What the task asks: You are asked to repeat the listing word for word and to leave out its pictures.

Given information:
+ + + + + + +
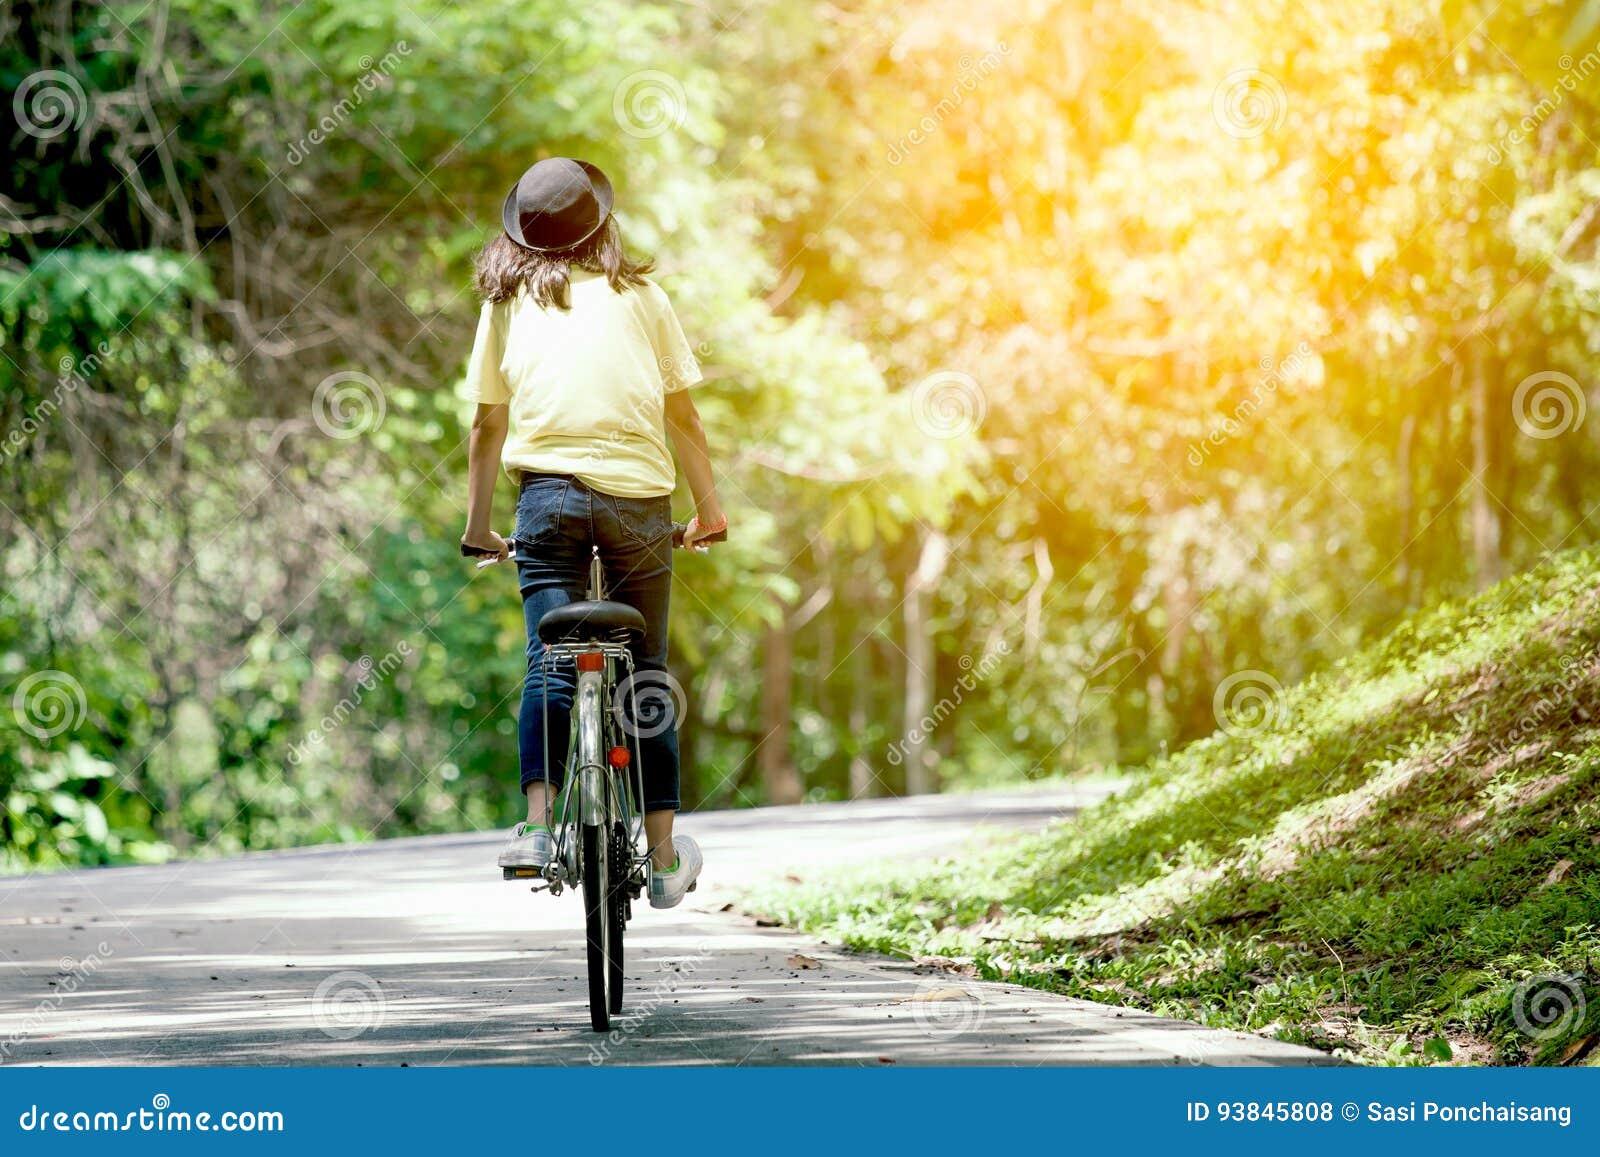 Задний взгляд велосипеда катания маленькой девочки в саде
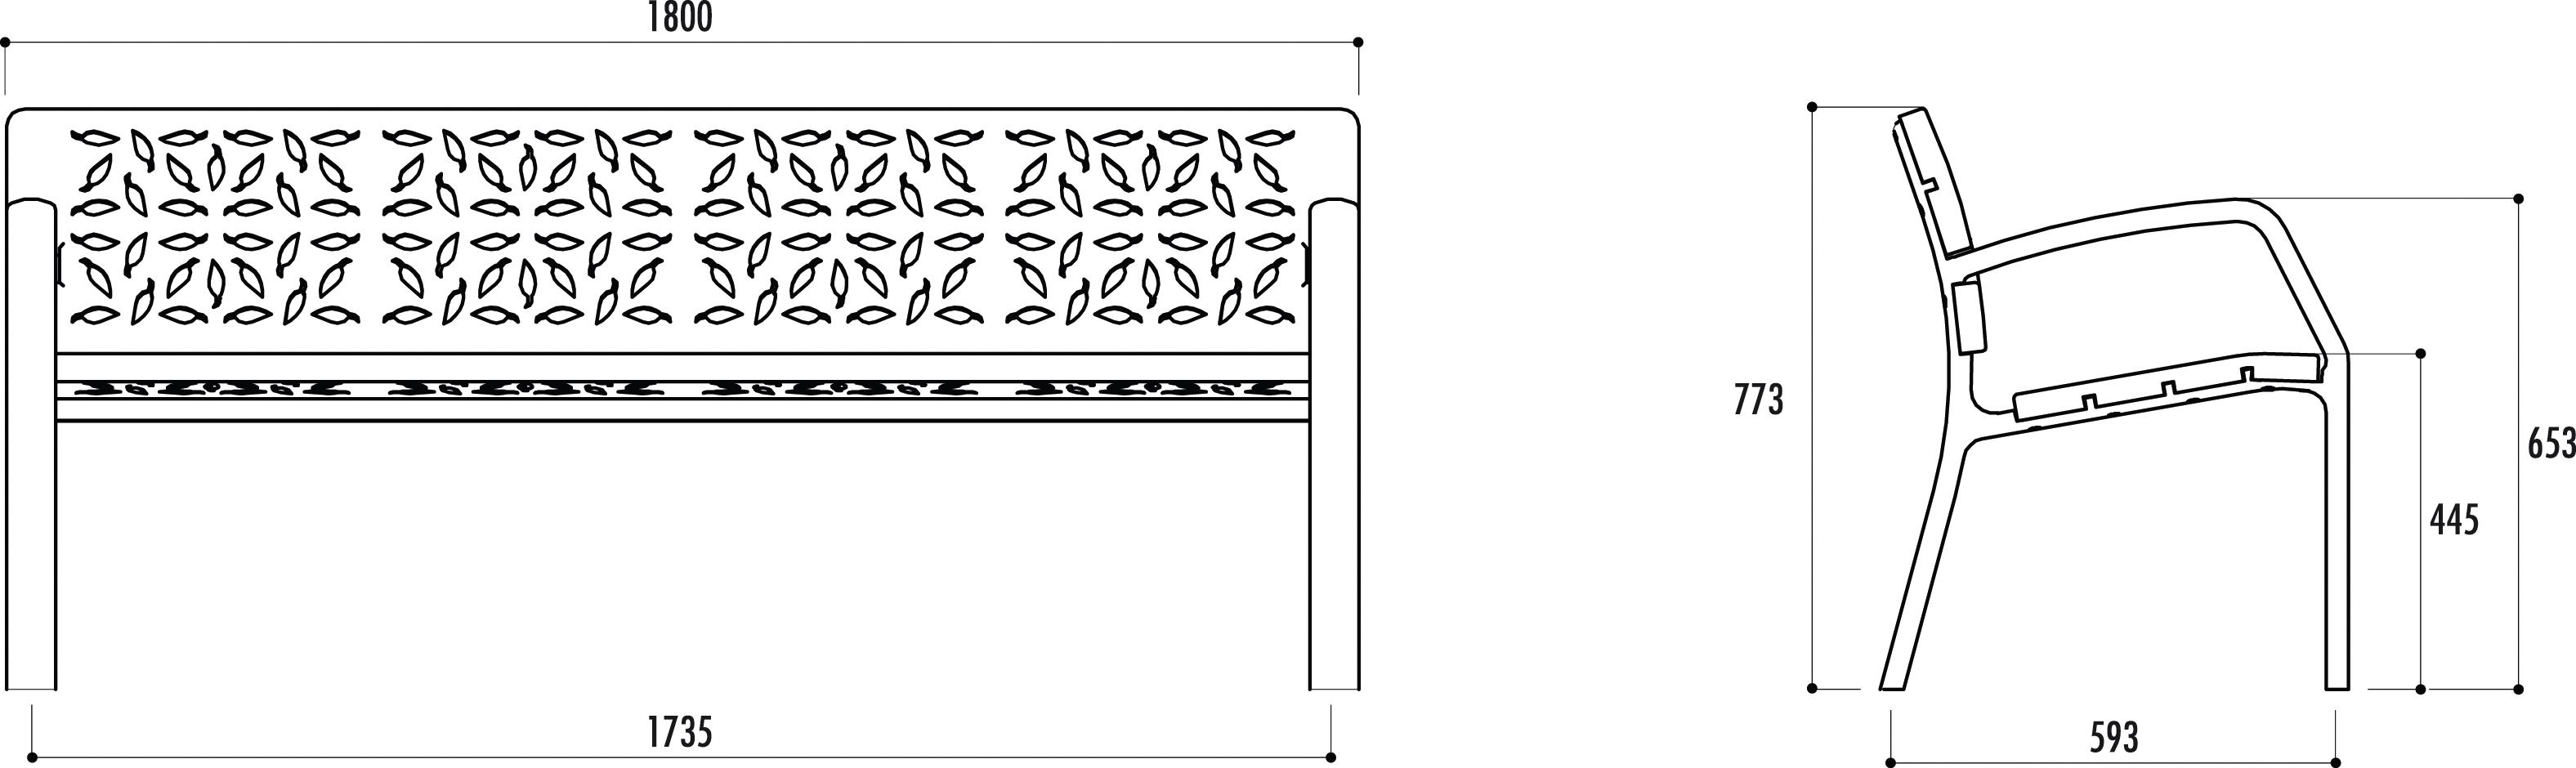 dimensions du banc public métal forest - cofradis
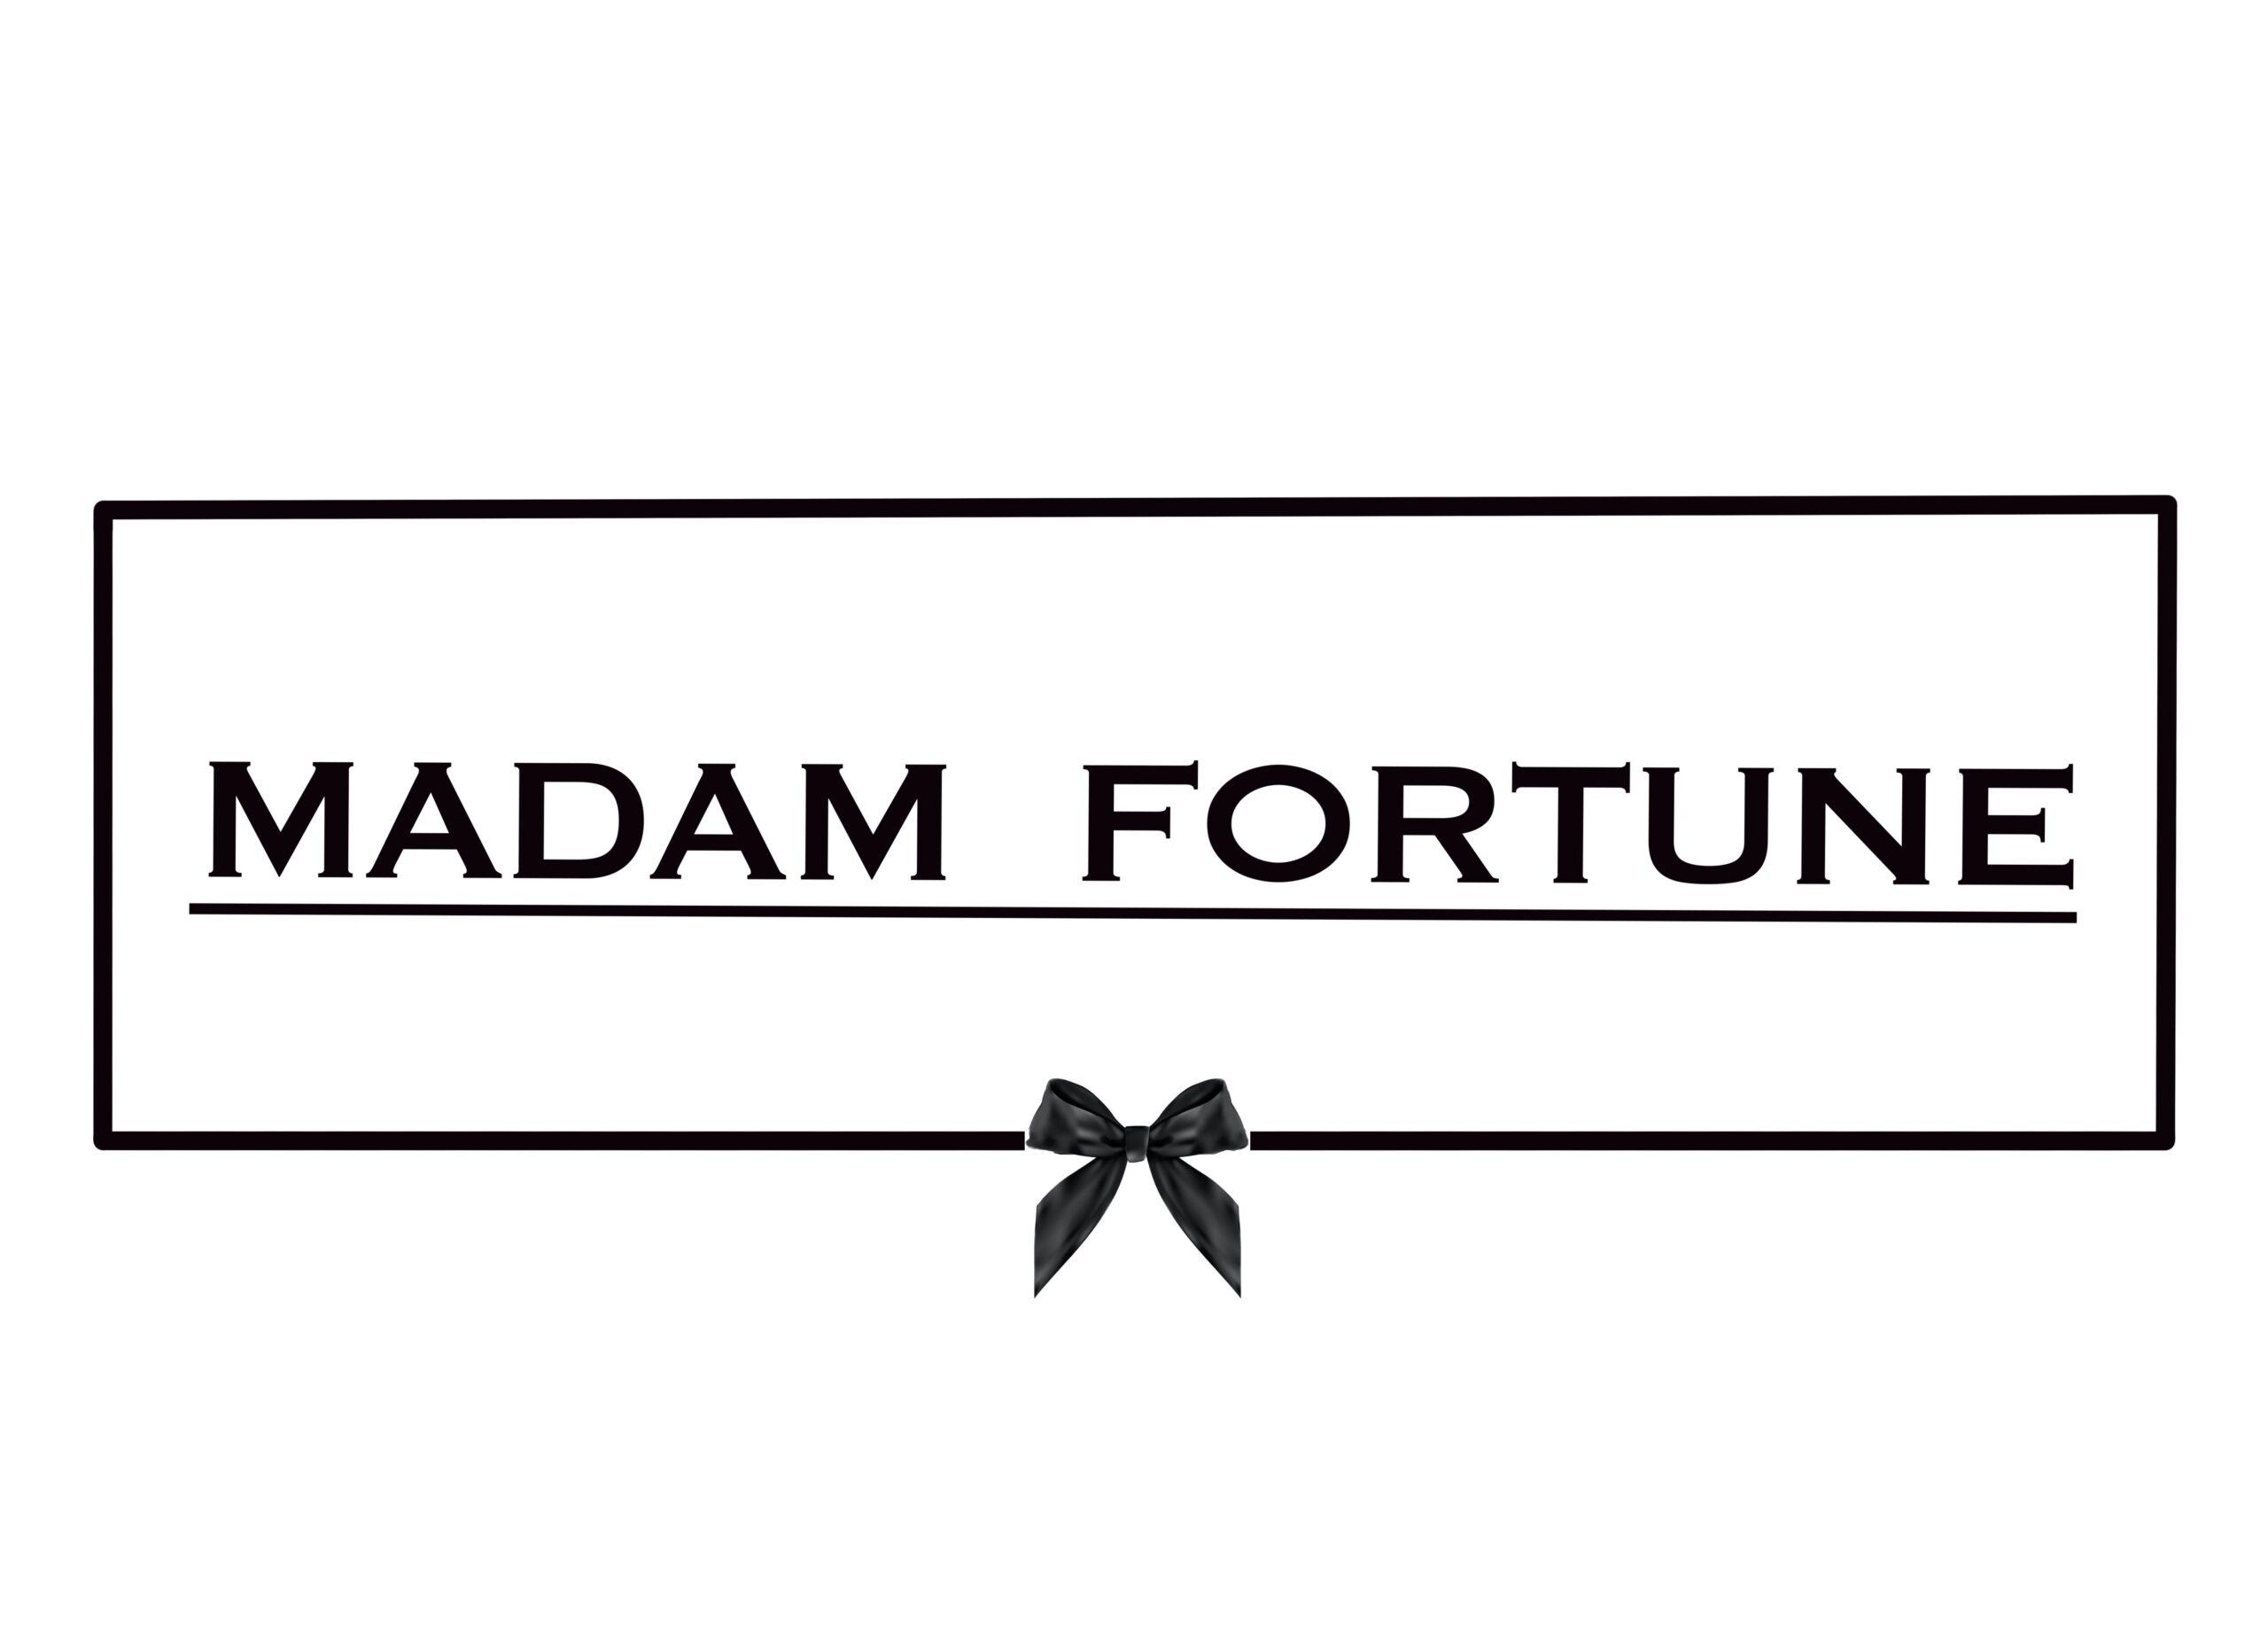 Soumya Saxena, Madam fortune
+ + + + + + +
Task solution:
 Задний взгляд велосипеда катания маленькой девочки в саде
 dimensions du banc public métal forest - cofradis
 Soumya Saxena, Madam fortune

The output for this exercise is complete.